Print, in exact form, the lines below from the one containing "free-download-cute-anime-hd-wallpaper-wp3405883" through the one containing "Delicious Low Sugar", and omit all others.

Data to use =
= = = =

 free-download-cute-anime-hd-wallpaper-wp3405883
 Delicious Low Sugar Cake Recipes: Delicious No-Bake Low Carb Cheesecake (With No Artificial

= = = =

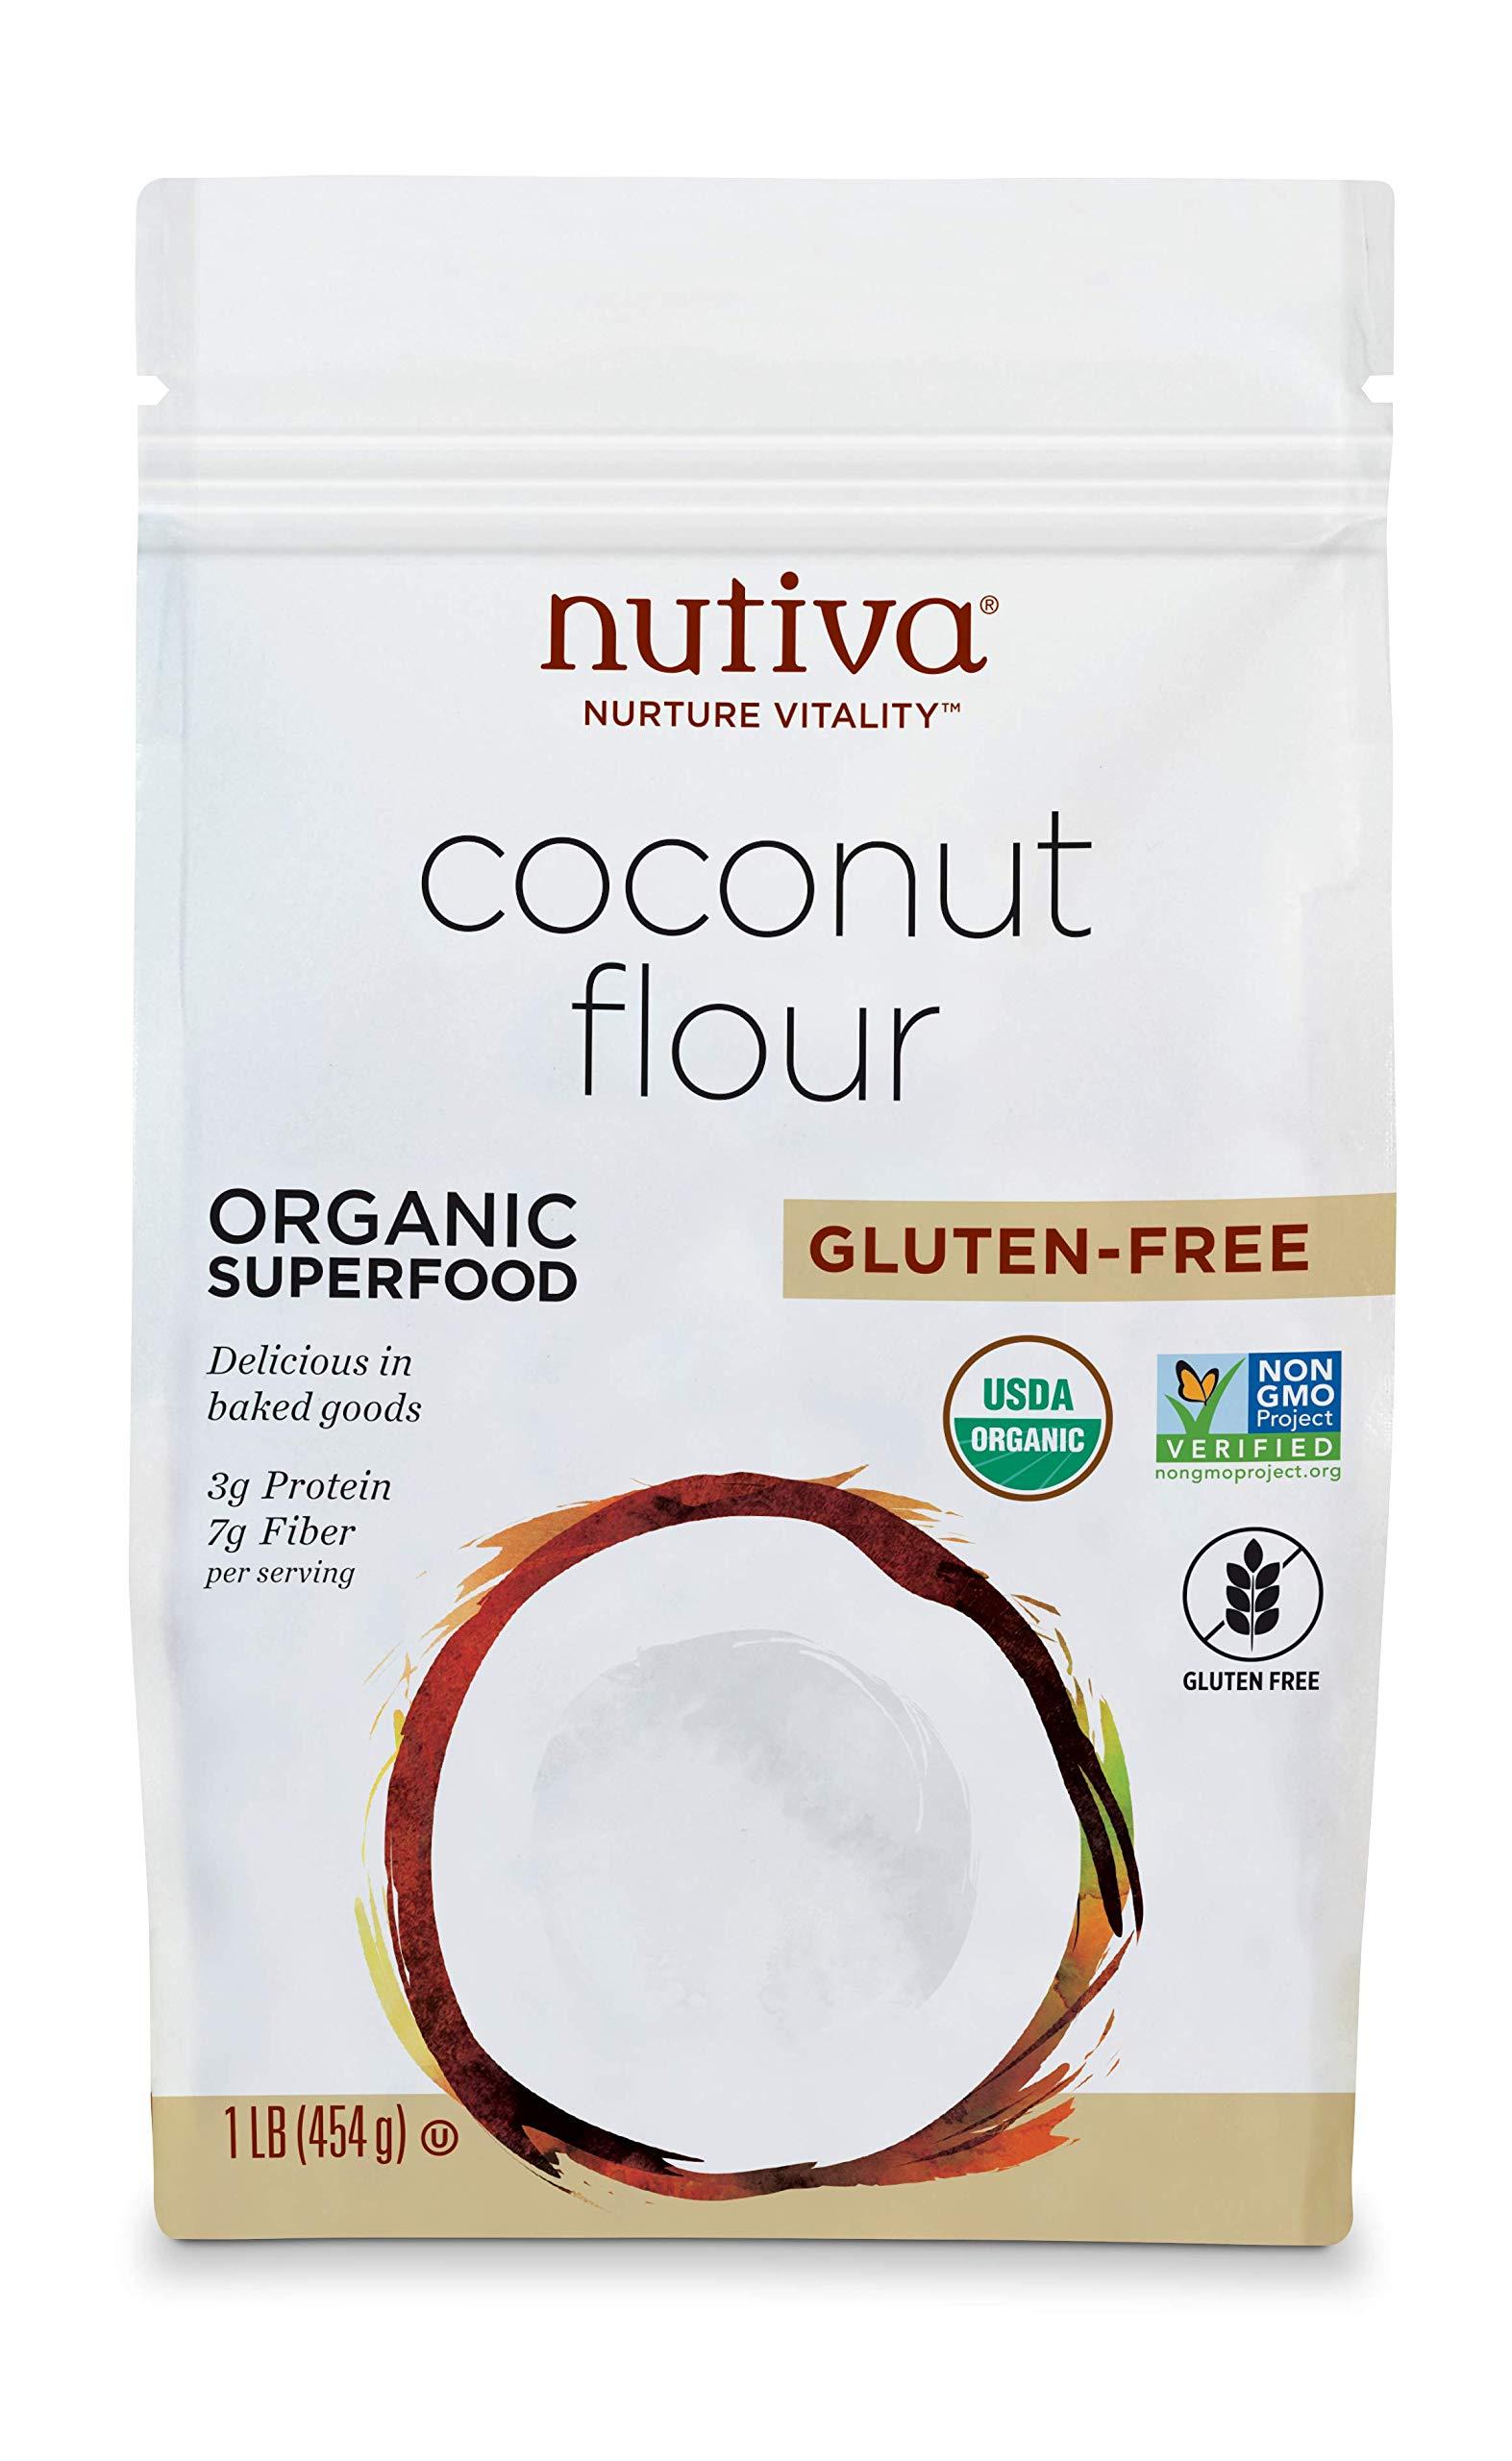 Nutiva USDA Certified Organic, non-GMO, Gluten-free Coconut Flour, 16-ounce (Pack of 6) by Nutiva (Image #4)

= = = =

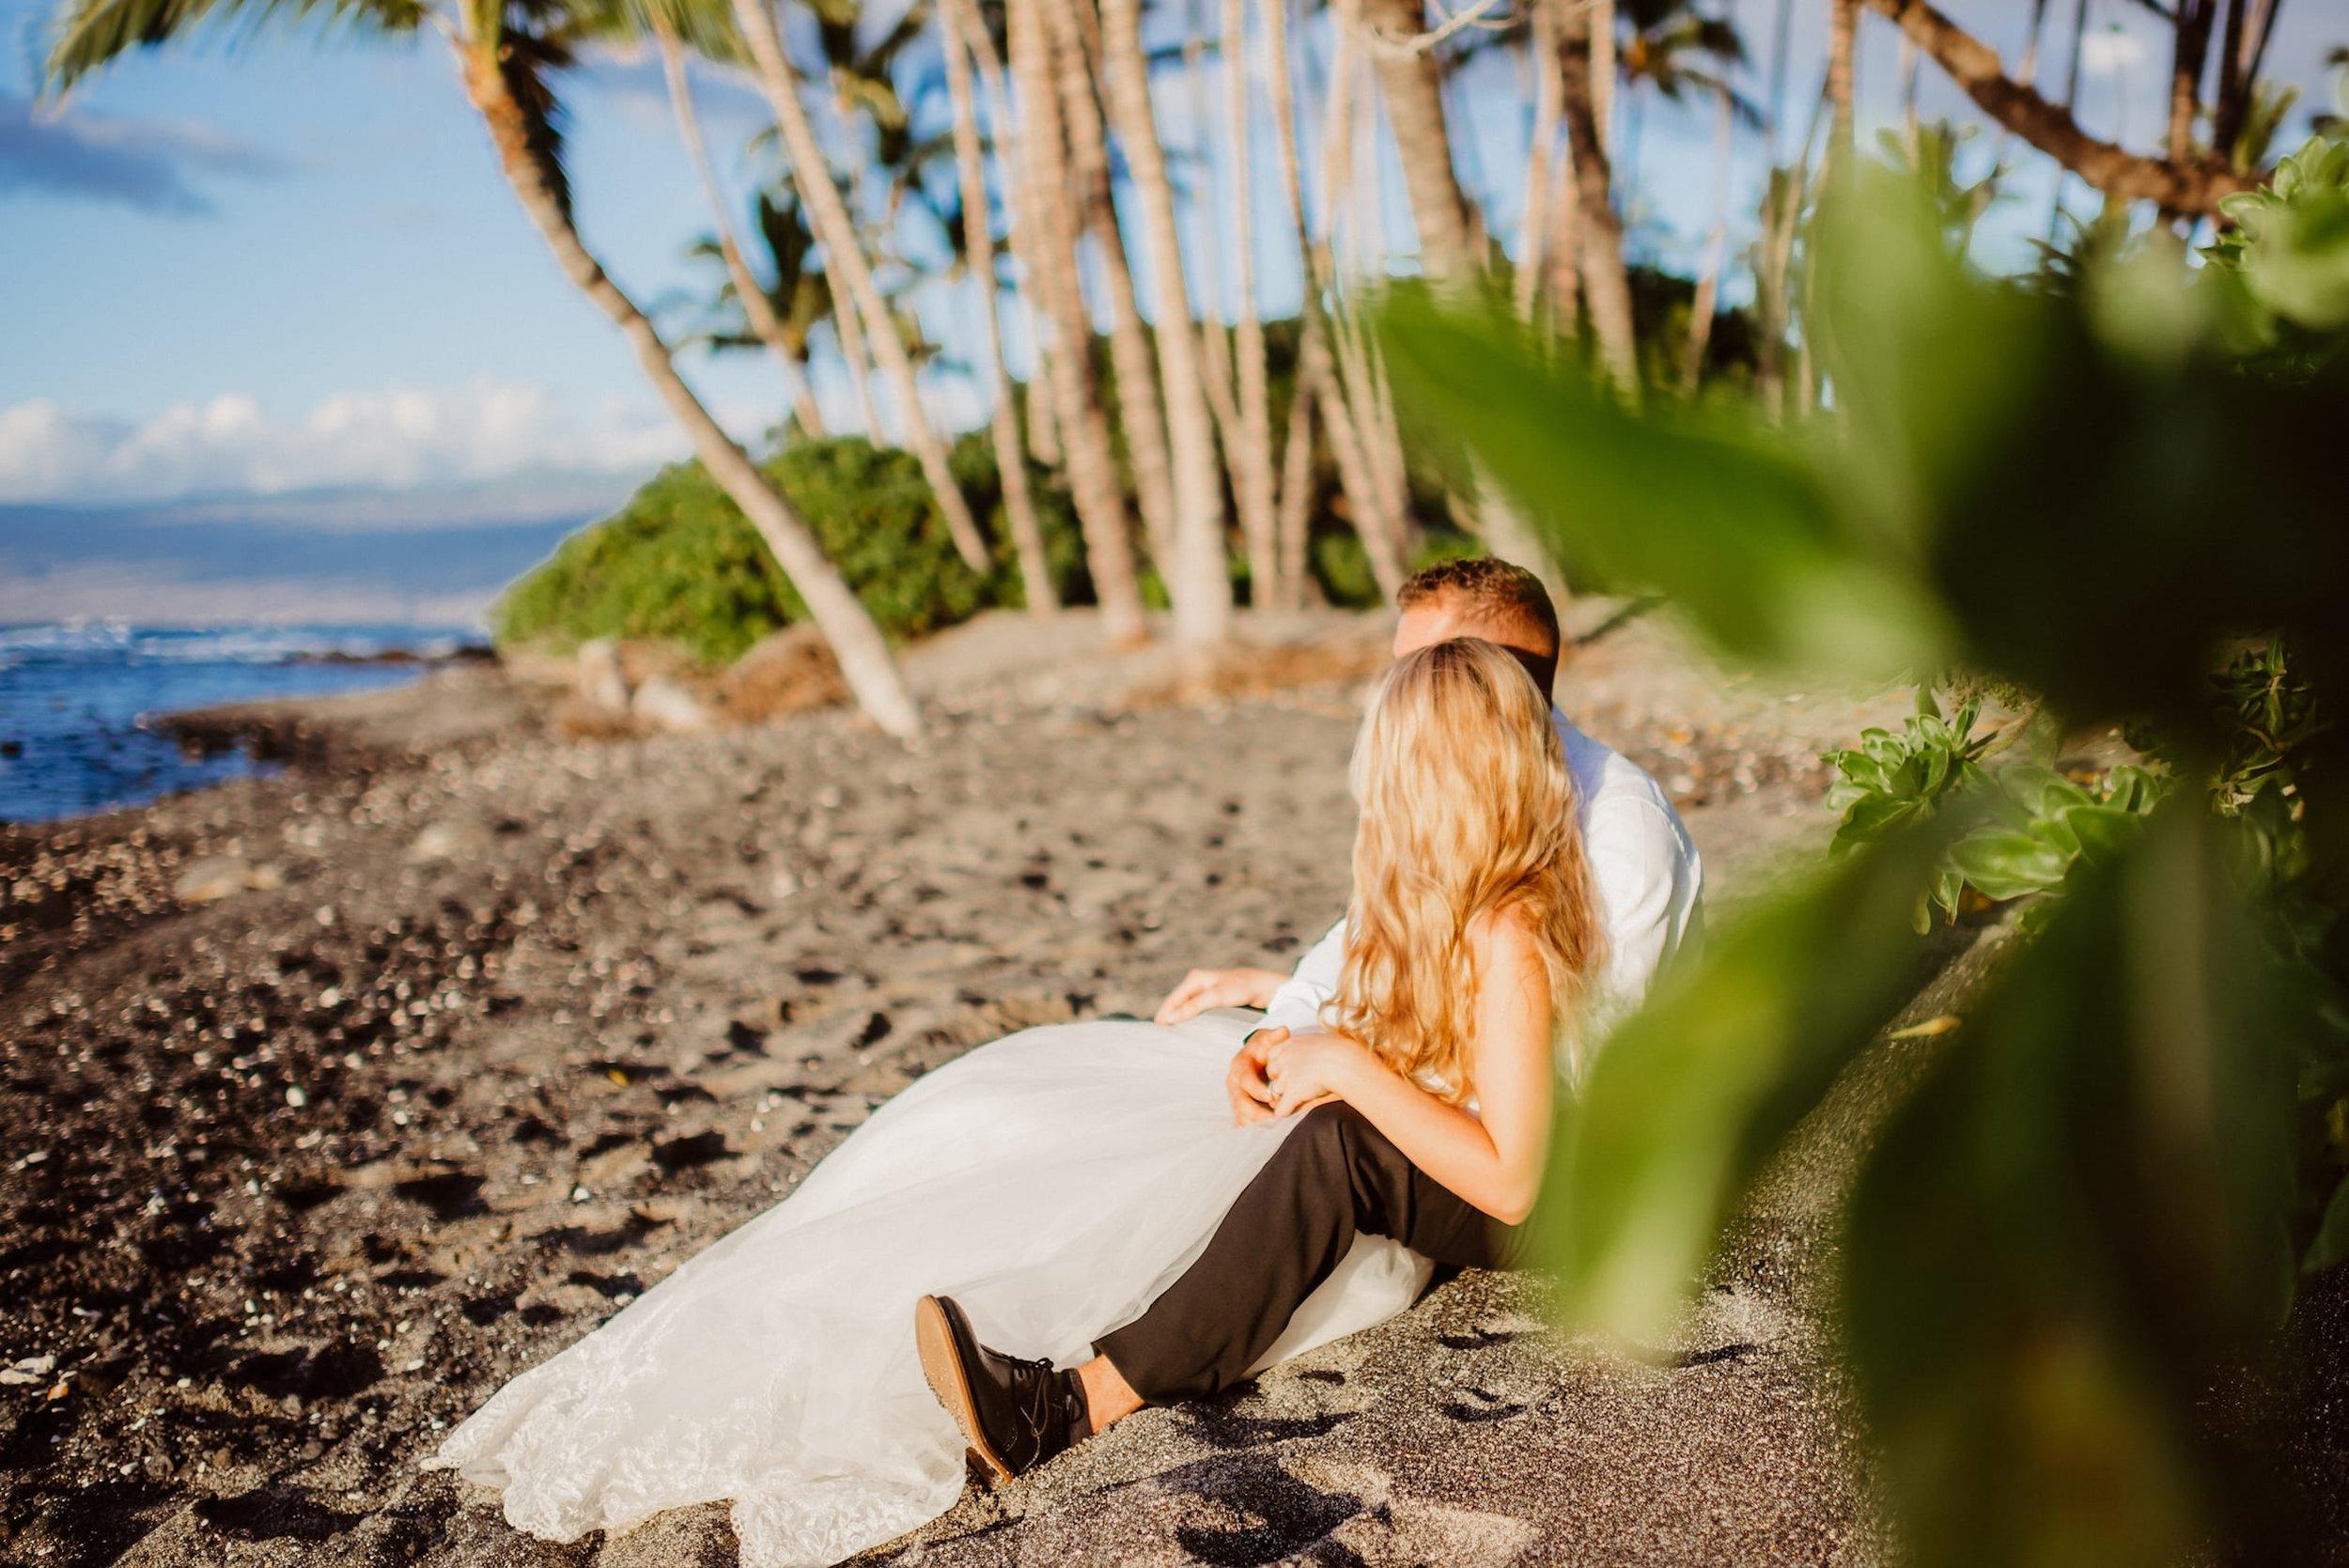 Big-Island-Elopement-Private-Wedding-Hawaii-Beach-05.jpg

= = = =

Expected answer =
 free-download-cute-anime-hd-wallpaper-wp3405883
 Delicious Low Sugar Cake Recipes: Delicious No-Bake Low Carb Cheesecake (With No Artificial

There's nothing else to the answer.